Have you encountered the Dean Wormer syndrome on your campus? Even if you’re not familiar with the American classic Animal House, you’ve surely encountered the Dean Wormer syndrome – you know, the widespread notion that the top priority of college administrators is to ruin the lives of their students. Whether it’s because of parking tickets, drinking citations or grade deflation, college students often believe that the administration spends their days conspiring to make life tough for all of their students.
After I graduated from college in May, I became one of those “evil administrators” at my alma mater. My experience working here has not only destroyed all of those conspiracy theories, but confirmed my suspicions that administrators in higher education actually do care about the growth and well-being of their students. The sooner students realize this fact, the sooner they will be able to take advantage of all their college has to offer. And trust me: no matter where it is you go to school, mentoring relationships with trusted and wise administrators are one of the best resources your college can offer you.
Administrators’ intentions are always good.
During my junior year of college, I had a conversation with an academic dean about the recent decision to raise the GPA requirement for the Dean’s List. I was upset because I wanted to be on the Dean’s List and felt that they were setting the bar too high. It was explained to me that over half of our student body was on the Dean’s List – which took away the prestige of such an honor and demonstrated that faculty and administrators thought our student body was capable of working towards a higher goal. What may seem like an unfair policy change may actually be for the betterment of your institution and a challenge to improve yourself. Always ask about the intention behind such changes because the answers may surprise you.
Administrators are open to new ideas.
Every time a policy is created or changed, administrators ponder all of the ways it could positively and negatively affect students. The reason why a particular policy exists is because a group of decision makers believed it was the best option at the time it was implemented. Perhaps you think the positive aspects of that policy are outdated or not working effectively. What’s the best way to get this point across? Politely demonstrate your concern and pair it with some suggestions about alternative options. Whether you think the ticketing process for athletic games no longer works or the dining hall’s quality has gone down, someone is always willing to listen to your ideas.
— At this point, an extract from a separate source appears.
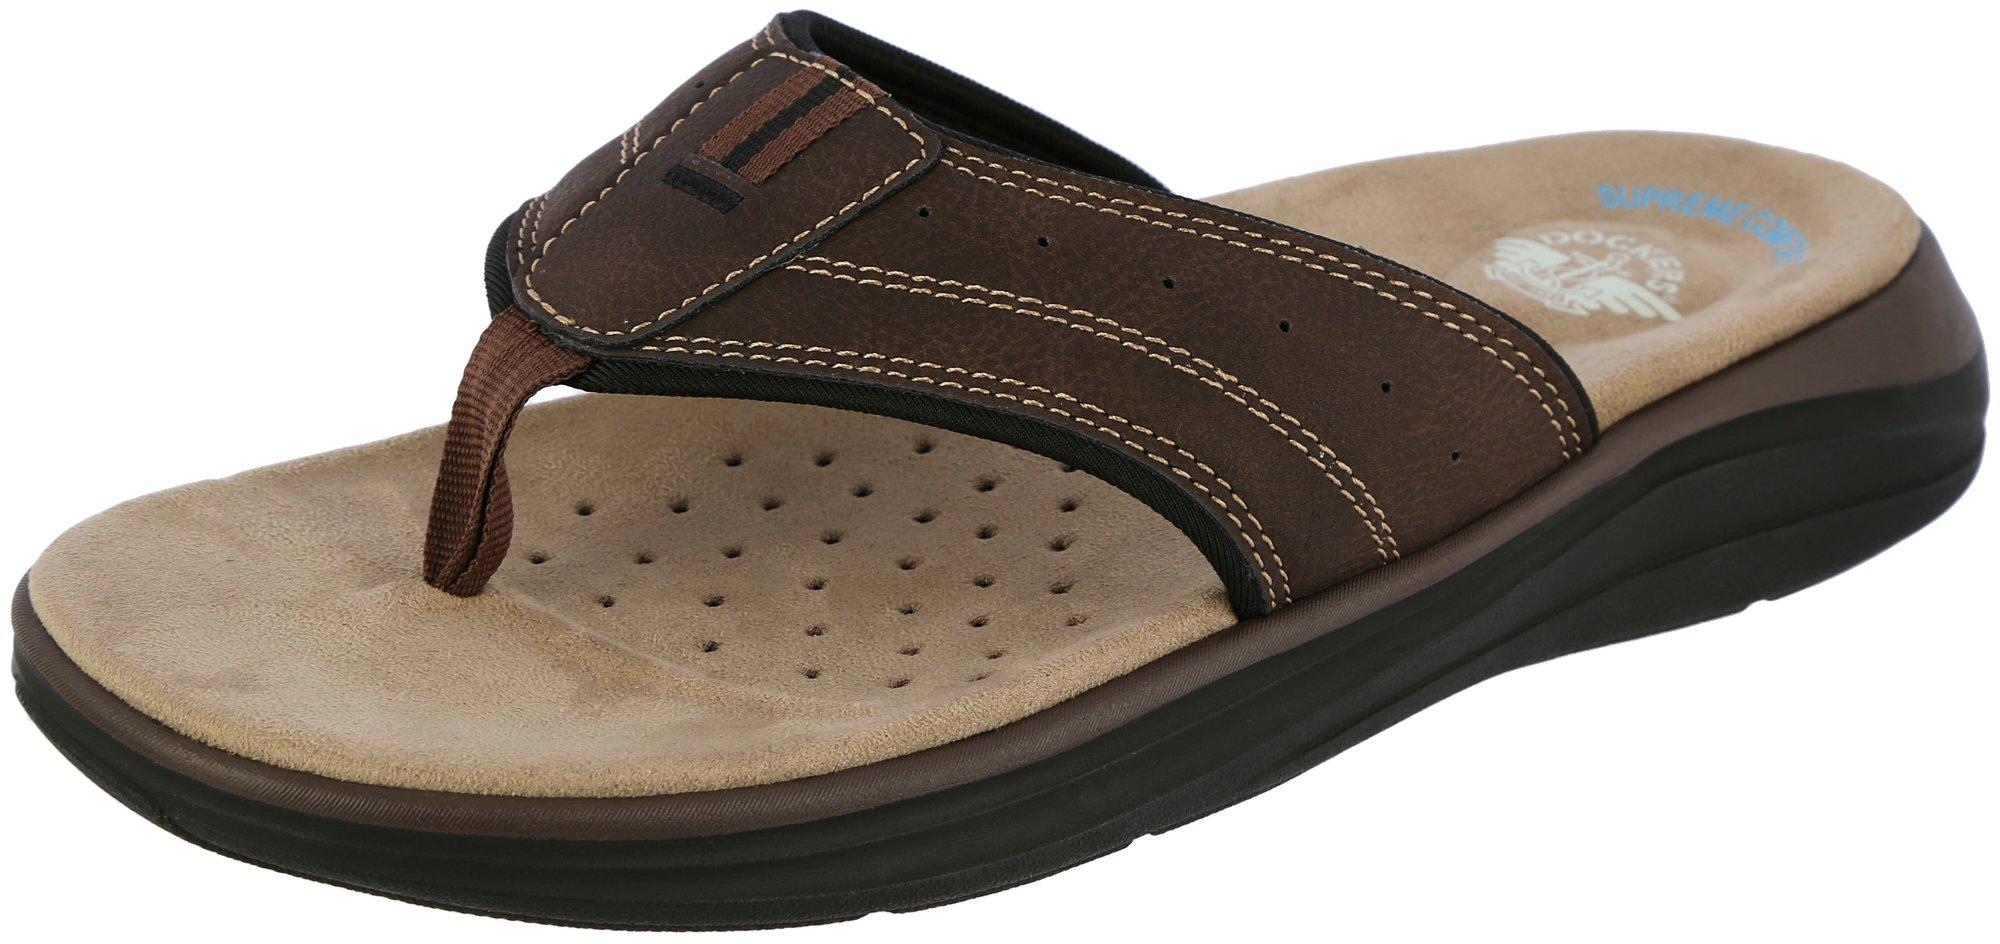 Reel Legends Rebound Flip Flops Thongs Sandals Shoes Molded Rubber Black M  6 W 8
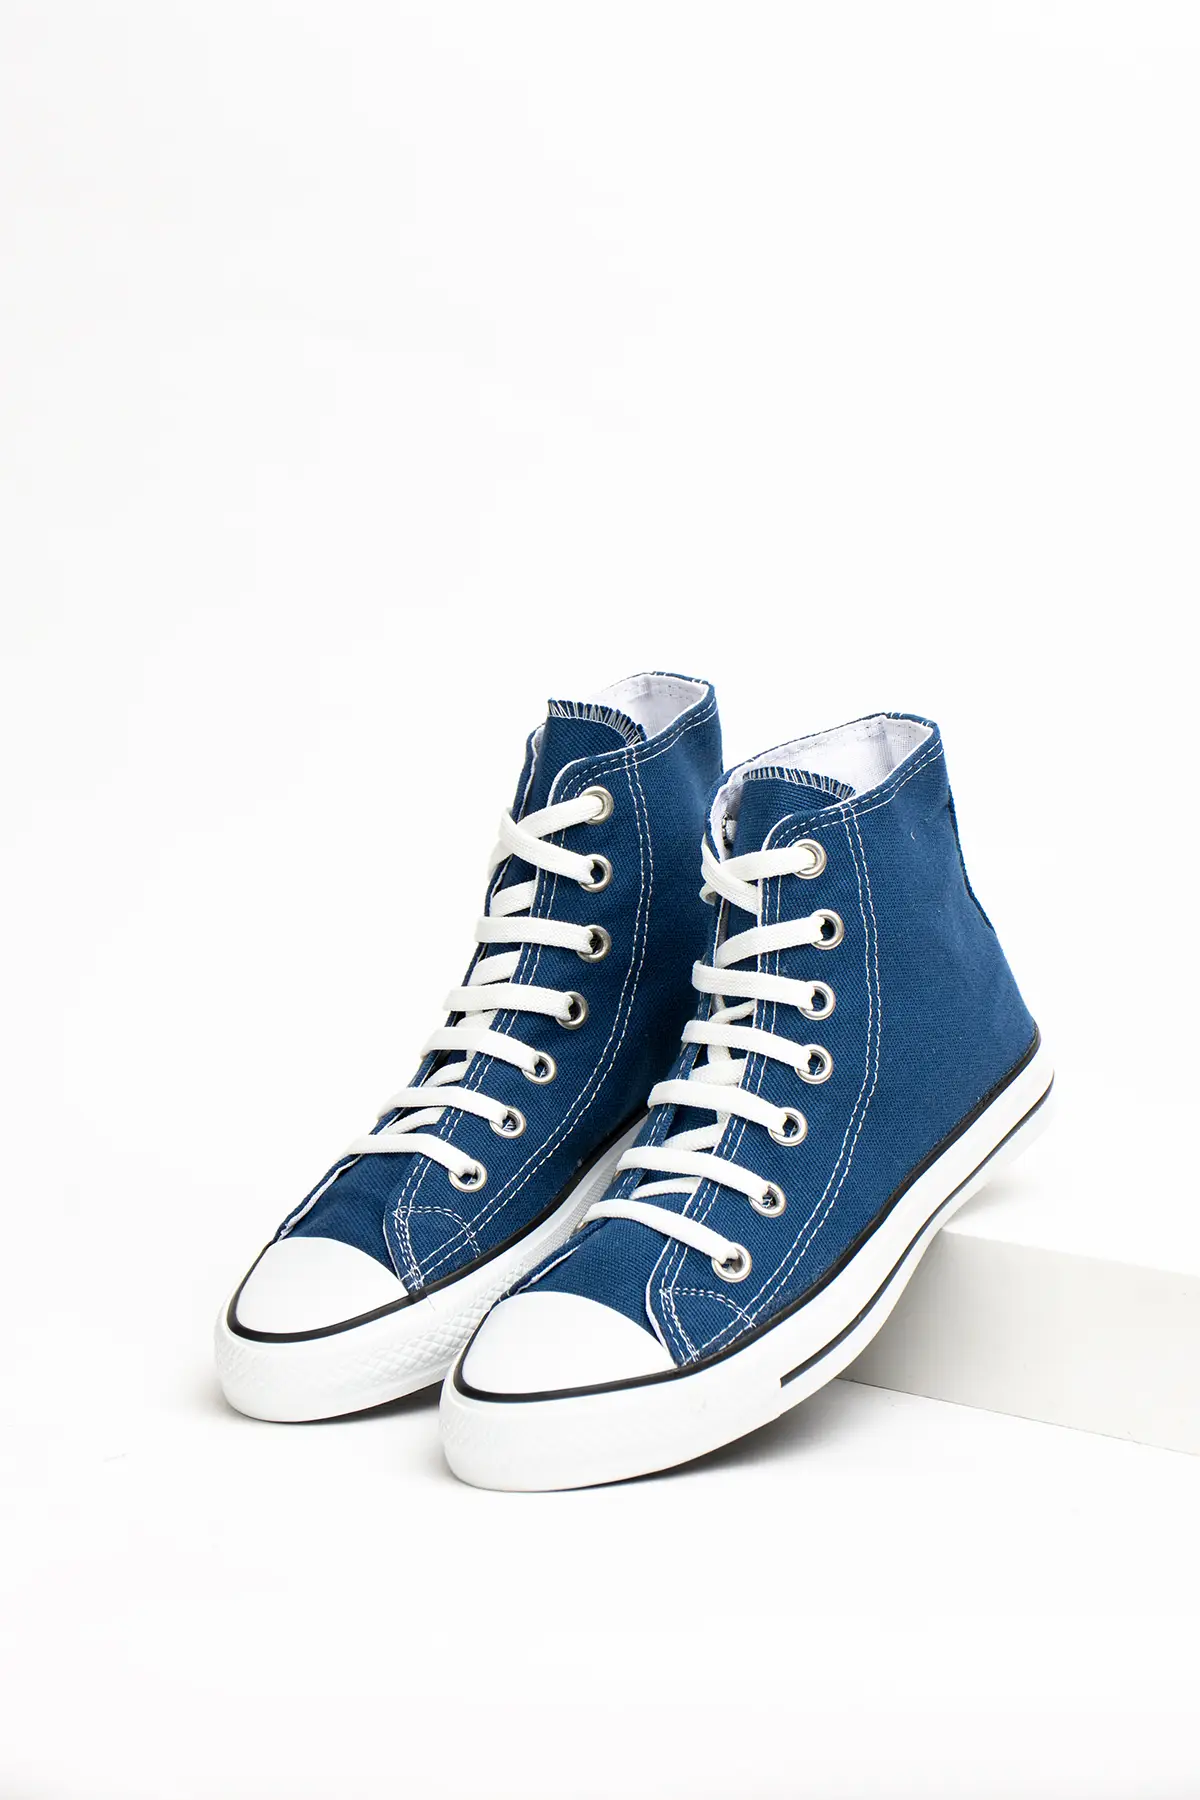 Pembe Potin Bağcıklı Rahat Taban Erkek Sneaker 10-3030-22MKeten - Mavi

Complaining will only take you so far – if you really want to gain the respect of an administrator, work with them to find solutions.
Administrators serve many constituencies.
Sure, a university is centered on the education and development of its students. However, it can be easy to forget that college administrators have many constituencies who they serve in their day to day work – like alumni, faculty, parents and donors. Why are the needs of these groups important? All of them contribute to the overall effort of the university – making your experience as a student even better. Have you ever heard students complaining about faculty salary raises affecting their tuition costs? Without competitive pay, your university may not have first rate faculty, and without first rate faculty, the value of your degree may suffer. Administrators are acutely aware of the way in which one decision can affect multiple parties. Their job is often about how to best balance the needs of all these groups, so remember that when approaching them.
Administrators want to connect with students in meaningful ways.
We’ve already established that the work of administrators is well intentioned and sometimes tough because they have to manage the needs and expectations of so many people. They are definitely busy people, but the most important part of their day is interacting with students. Why? They see the fruits of their labor when they meet with you. Higher education’s product is more intelligent and developed individuals who are prepared for life after college. This product is tough to quantify. The Vice President of Marketing at a Fortune 500 company can quantify the increase in sales after his latest advertising strategy was implemented, but the Vice President of Student Affairs at your school will have a tough time measuring the growth of his or her students after a series of programs aimed at helping students better understand themselves. Ask an administrator whose work or attitude you respect to grab a cup of coffee. They will make the time for you. Seeing you advance as a student is better than any performance report or raise – and it’s the entire reason they entered the field of higher education.
In conclusion, administrators might have a different idea of what’s best, but there is probably good reason for it. They’re always willing to discuss an issue and compromise is often an option. Above all of that, they want what’s best for you. So it’s official – I’ve determined that the administration at my alma mater and your college are not the enemy. In fact, they are on your team every step of the way – even when you may not know it.